Publish-quantum Cryptography for the Go Ecosystem

filippo.io/mlkem768 is a pure-Go implementation of ML-KEM-768 optimized for correctness and readability. ML-KEM (previously often known as Kyber, renamed as a result of we are able to’t have good issues) is a post-quantum key trade mechanism within the technique of being standardized by NIST and adopted by many of the business.
The bundle quantities to ~500 lines of code, plus 200 traces of feedback, and 650 traces of exams. It has no dependencies apart from golang.org/x/crypto/sha3. It’s meant for upstreaming into the Go commonplace library (initially as an internal-only bundle utilized in an opt-in crypto/tls experiment) and was designed to offer excessive safety assurance by means of ease of evaluate, simplicity, and thorough testing.
I livecoded a part of its growth on Twitch, and you’ll watch the replay on YouTube.
In contrast to most different implementations, this code was not ported from the reference pq-crystals library, however written from scratch not having ever carefully learn different codebases. This was an intentional train in spec validation, to indicate it’s potential to provide an interoperable implementation from the specification alone.
The FIPS 203 document turned out to be a superb implementation information, with detailed pseudo-code, exhaustive definitions, and constant kind info. (That is one thing I wish to ask of any giant specification doc: outline your varieties and use them and denote them!) To make the code each simpler to evaluate and higher as a studying useful resource, perform and variable names, and even operation ordering, are fastidiously picked to reflect the FIPS specification.
The specification truly requires pretty restricted math background, however to facilitate the work of implementers, I wrote up Enough Polynomials and Linear Algebra to Implement Kyber.
Past that, the one elements left as an train to the reader have been
- implementing arithmetic modulo the prime 3329;
- concretely implementing the compress and decompress features mapping values [0, 3329) to and from [0, 2ᵈ); and
- ensuring constant time operations.
Modulo arithmetic was reasonably easy, as we all collectively learned a lot about finite field arithmetic through years of RSA and elliptic curve implementations. The small prime actually makes the task feel unnaturally simple.
Compression and decompression turned out to be the most difficult part of the project. The specification defines them in abstract terms as fractions and rounding rules—“just” compute (2ᵈ/q)·x or (q/2ᵈ)·y and round to the closest integer—but in practice we need to implement them with constant time arithmetic and bitwise operations!
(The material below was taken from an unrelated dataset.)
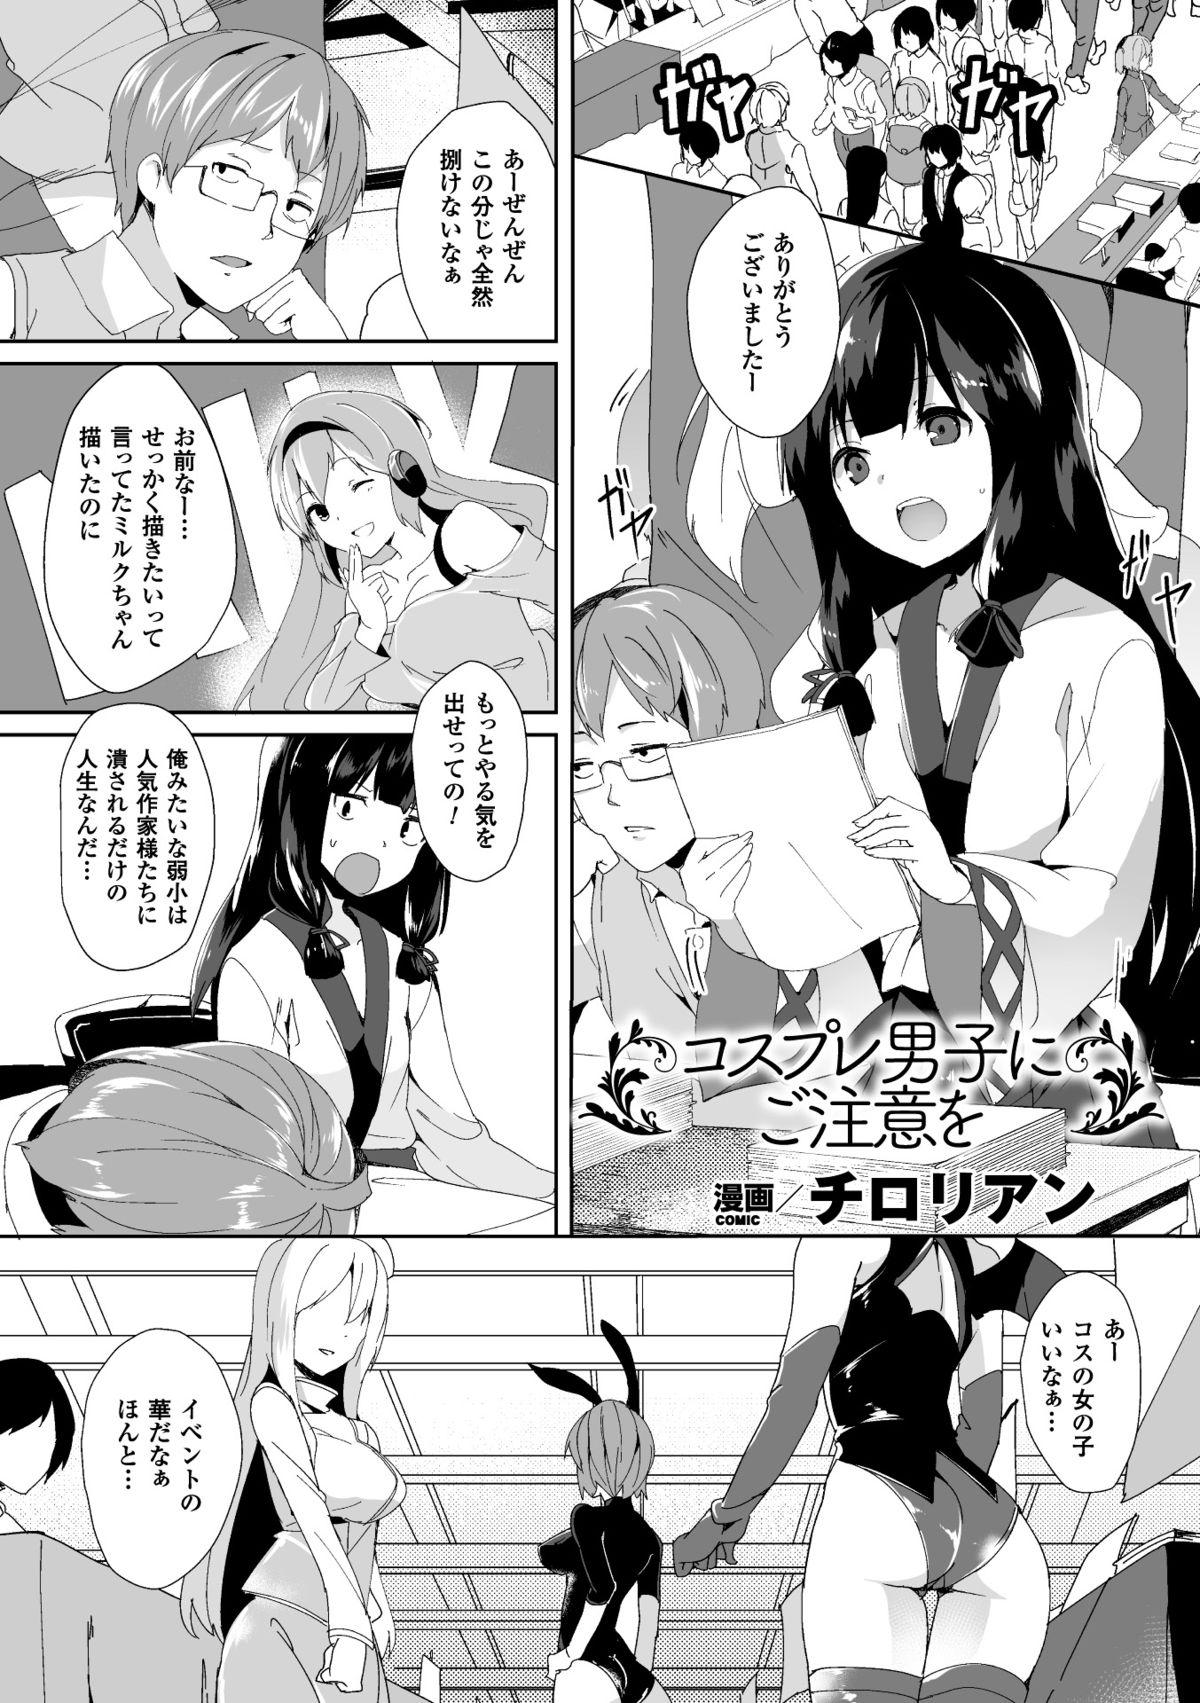 Bessatsu Comic Unreal Nyotaika H wa Tomerarenai Digital Ban Vol. 2 20

In my public comments I pointed out that having each implementation figure out a strategy is risky and redundant. I was more correct than I thought: it turned out that the reference implementation and ~every implementation ported from it used a division which depending on compiler optimizations and platform might result in a DIV instruction, which is variable-time even when the divisor is fixed. This package was unaffected, because it used Barrett reduction from the start, like BoringSSL.
You can read the rest of my formal public comments on the pqc-forum mailing list.
Readability was a major goal of the implementation, and it was pursued even especially for complex functions like compression and decompression. A readable implementation has two purposes: first, it allows effective review, both during the code review process and later by interested researchers, improving security; second, it serves as an educational resource for the next generation of maintainers and cryptography engineers (or curious nerds). Reading the Go cryptography standard library is how I got started on the path that led me here, so it is especially important to me to preserve and improve it as a learning resource. It’s obviously subjective, but I believe this to be the most understandable public ML-KEM/Kyber implementation. Compare for example our compression/decompression functions with the reference implementation.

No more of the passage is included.